What to do: Look below for the line with "Bambaw-Lunchbox-LM-1200-1". Retype it and every line after it to the end, exactly, but leave out the pictures.

──────── Available data ────────

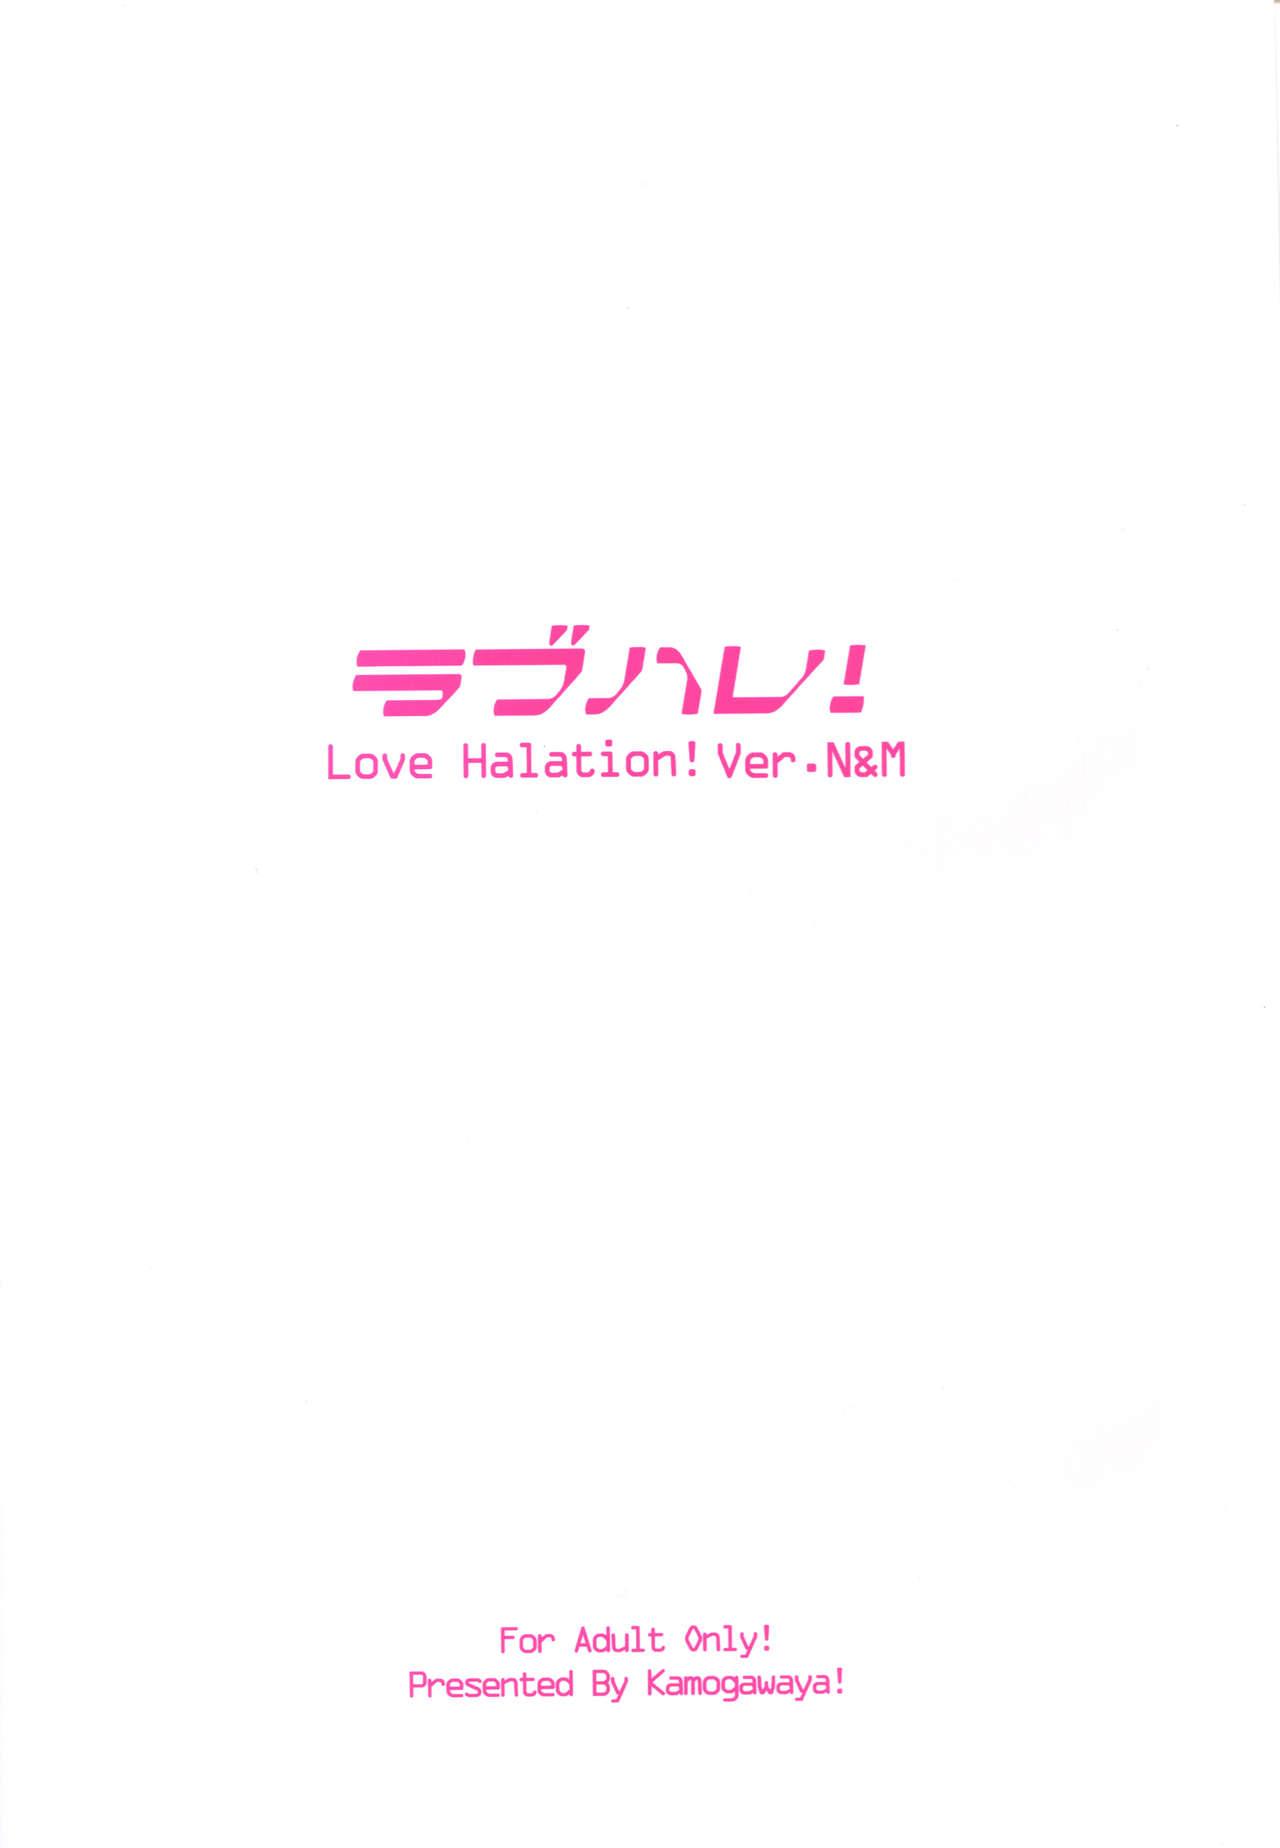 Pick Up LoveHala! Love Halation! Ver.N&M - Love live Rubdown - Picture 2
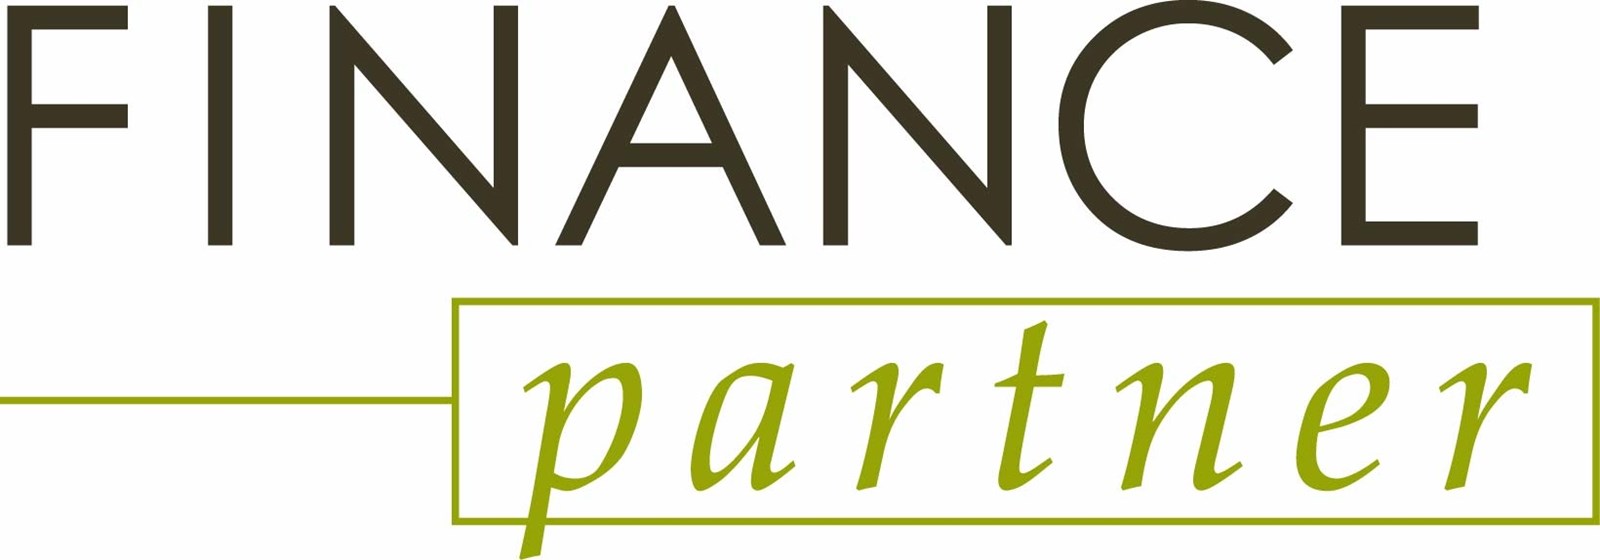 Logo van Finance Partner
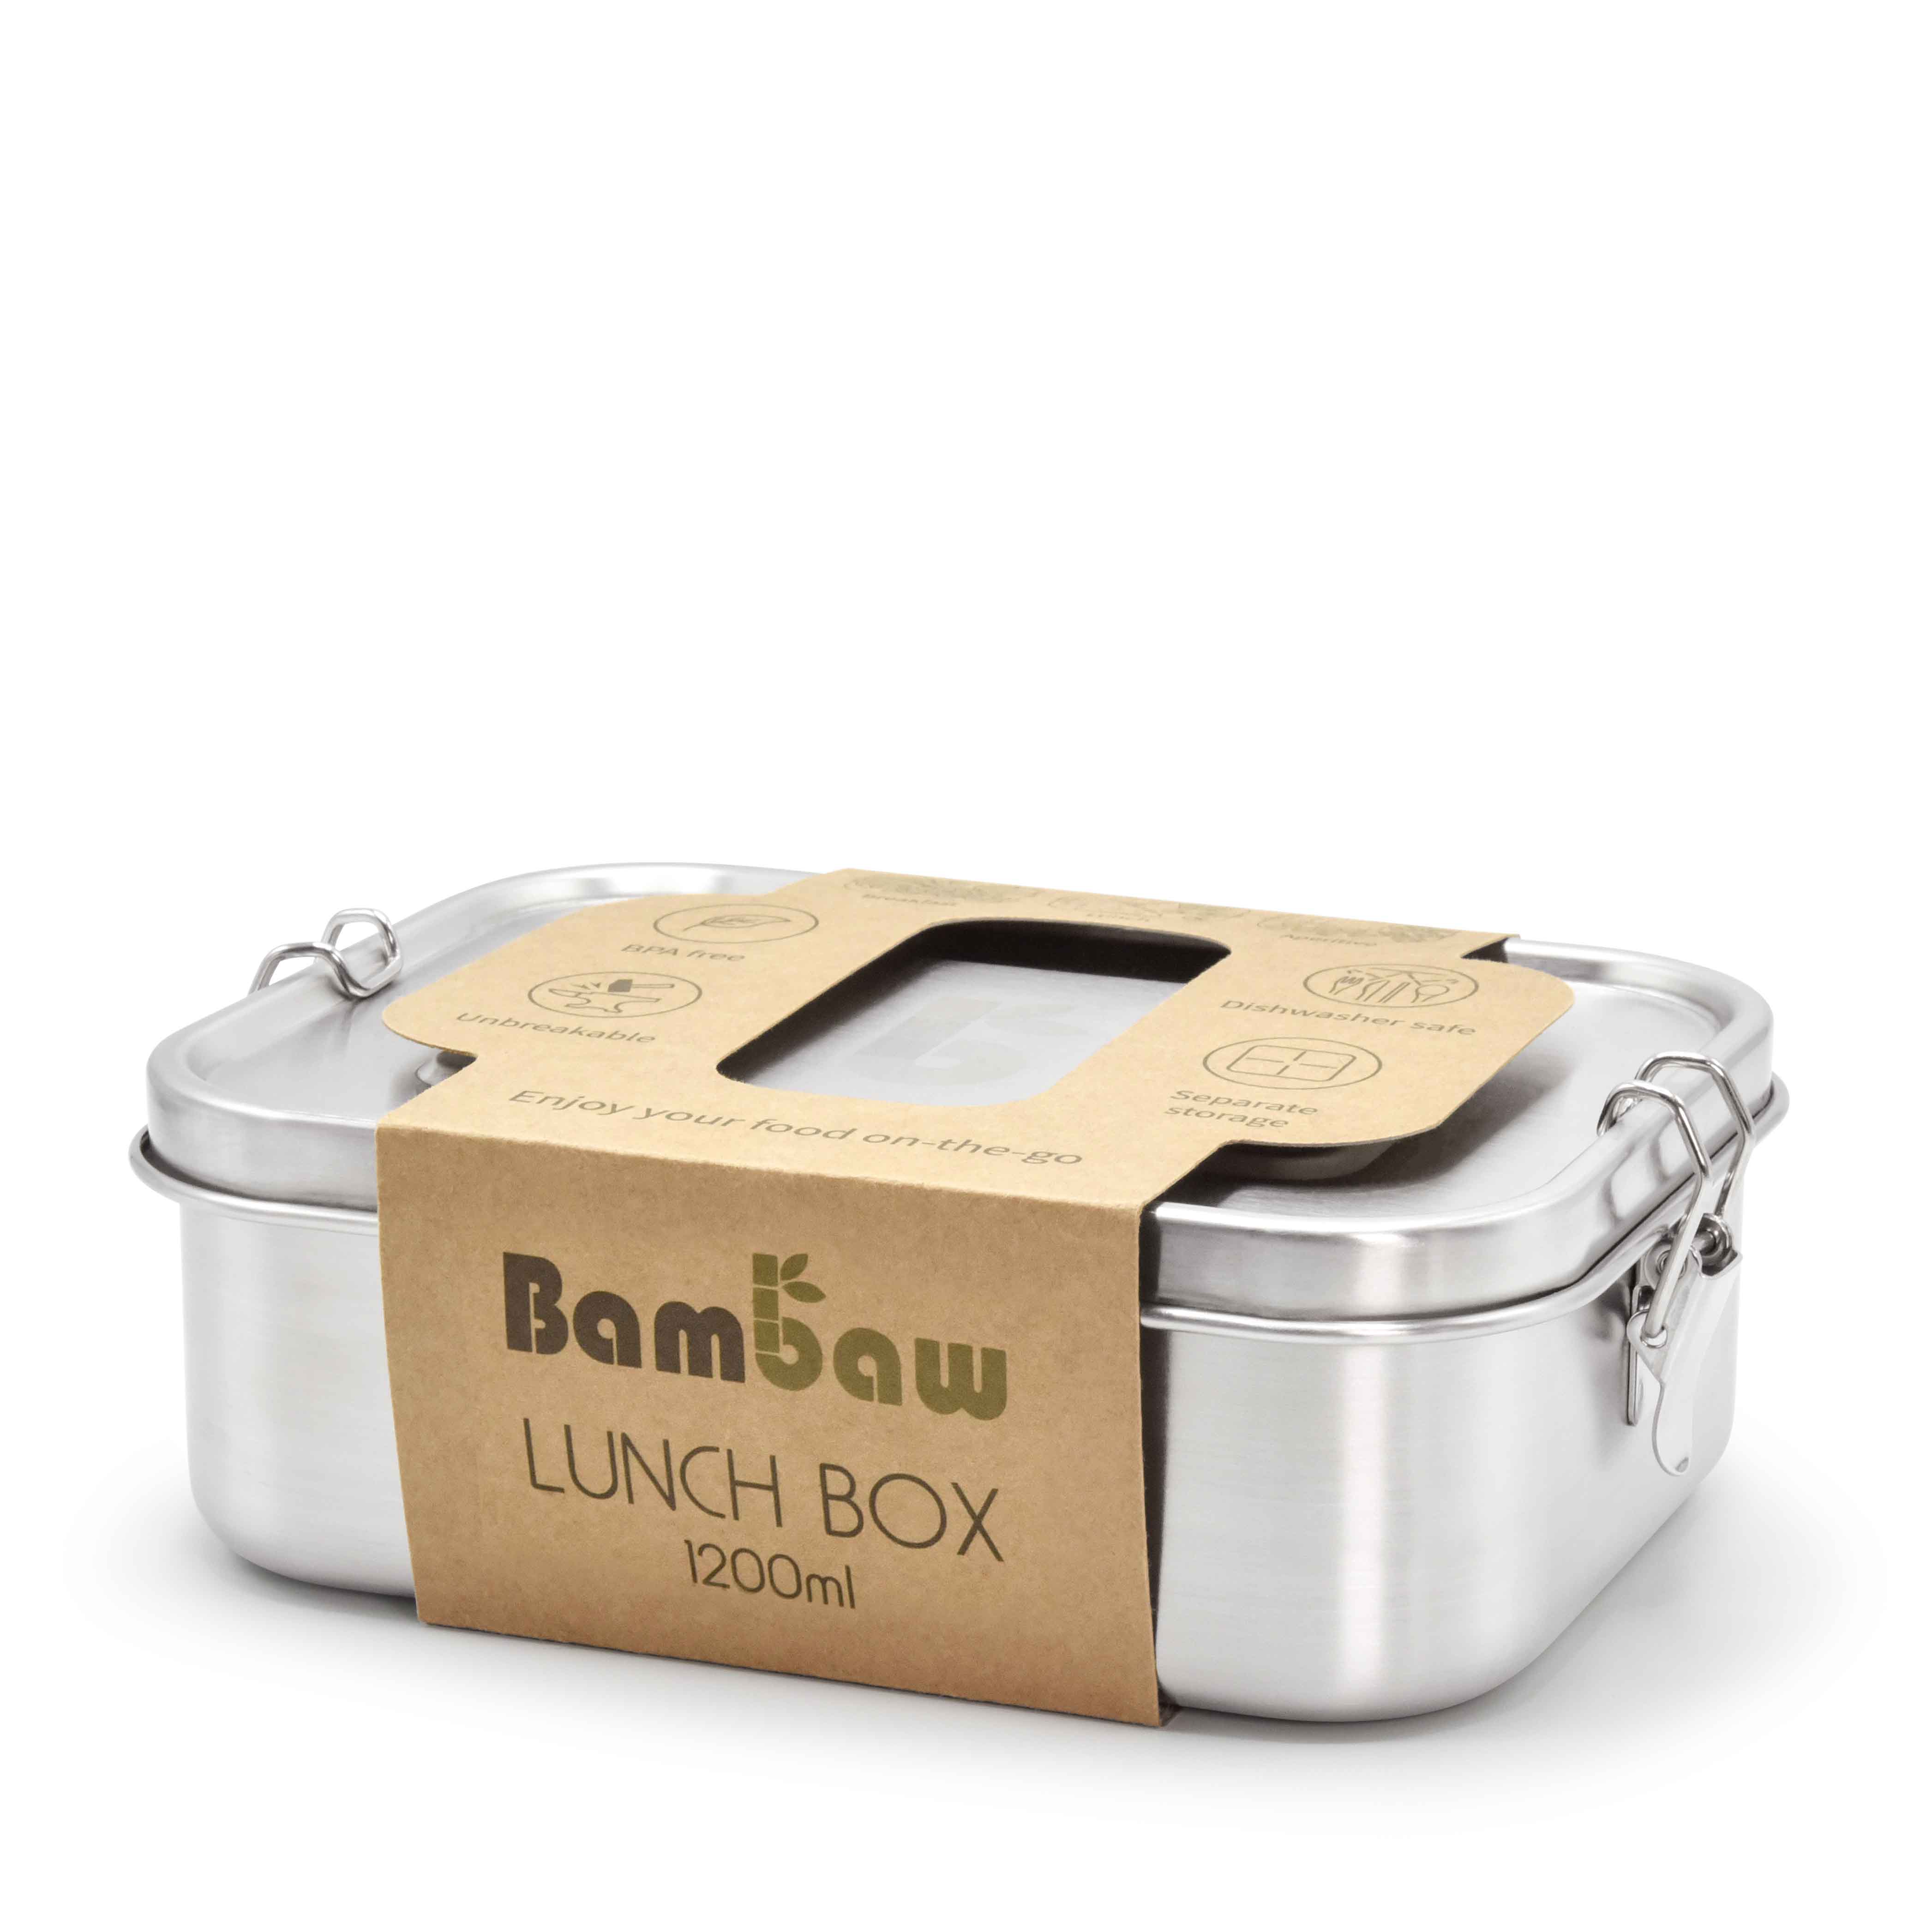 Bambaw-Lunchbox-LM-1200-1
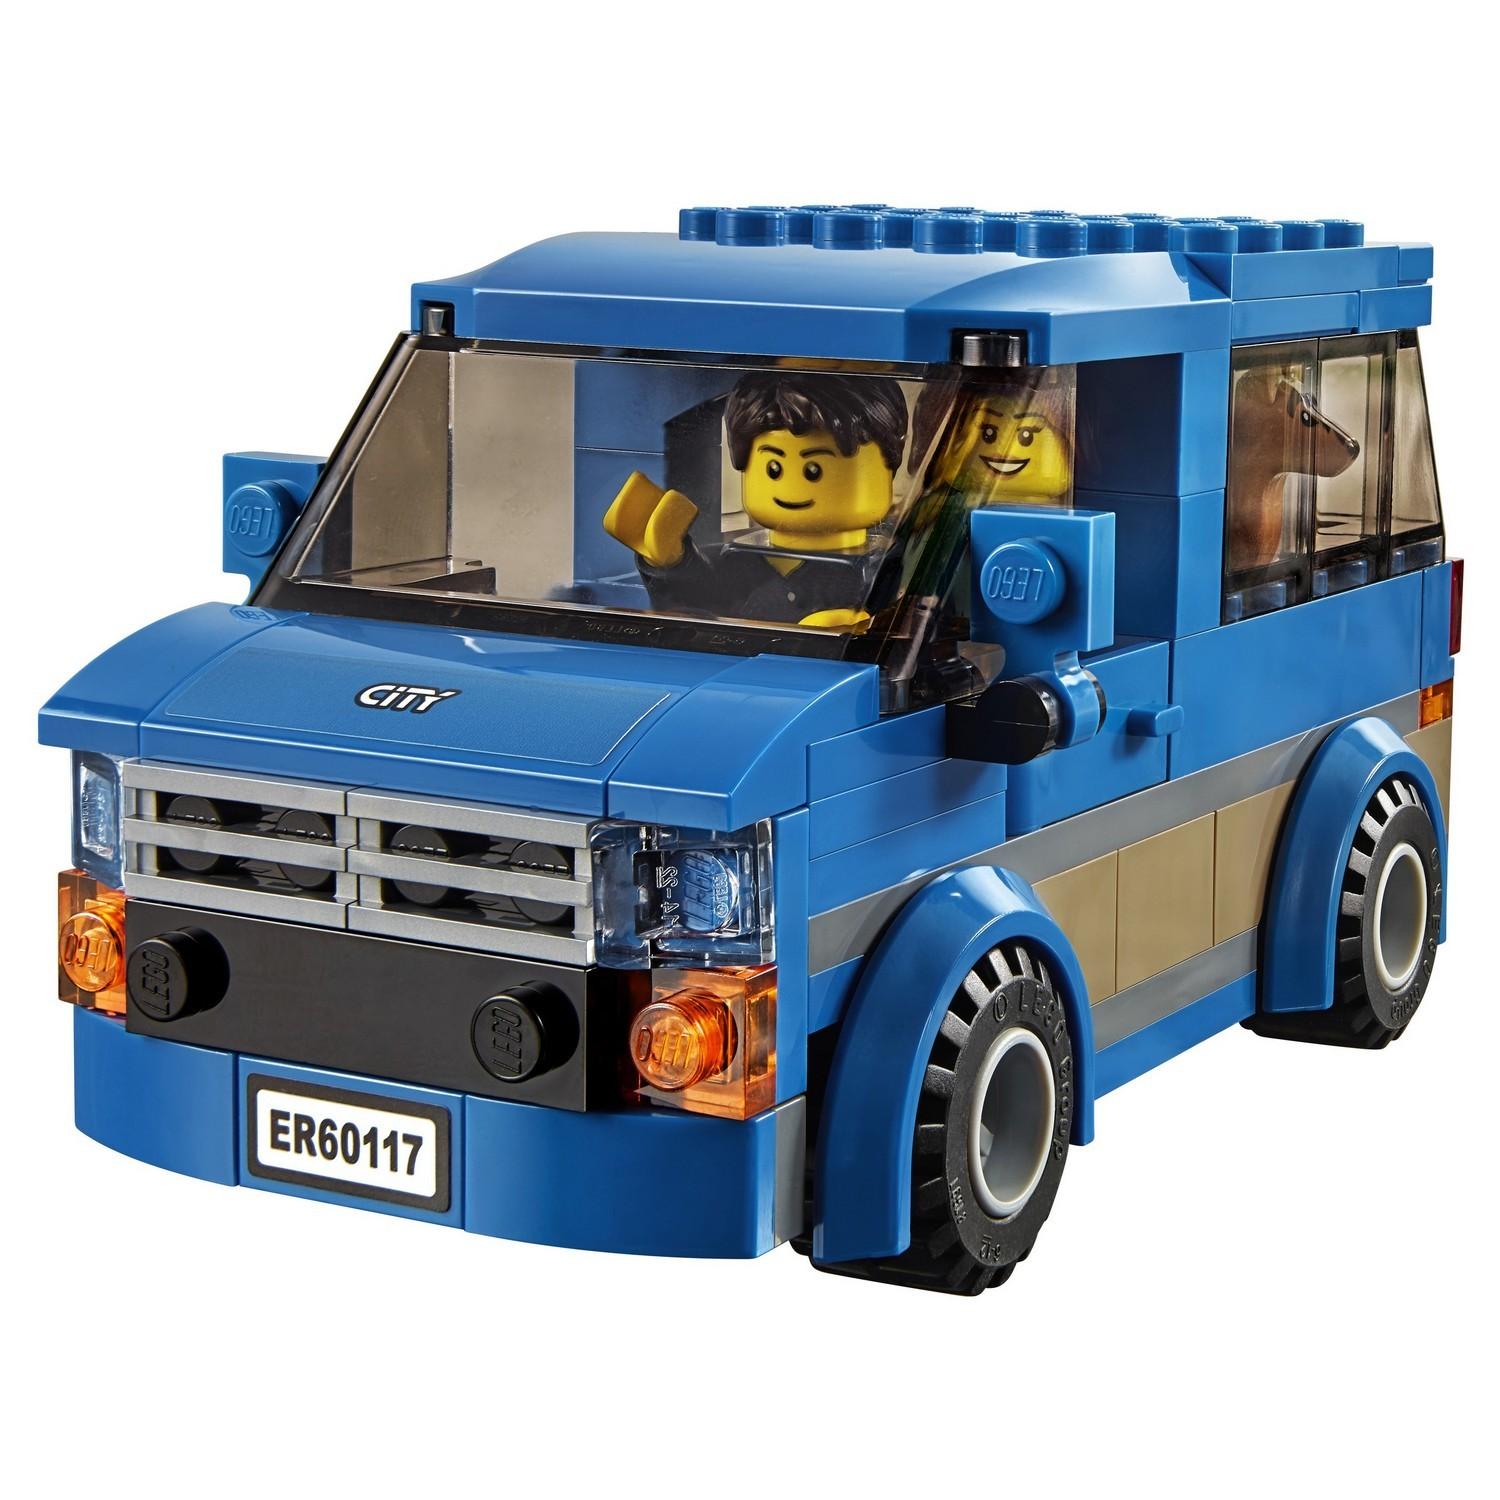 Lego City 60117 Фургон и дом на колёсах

────────

Your response:
 Bambaw-Lunchbox-LM-1200-1
 Lego City 60117 Фургон и дом на колёсах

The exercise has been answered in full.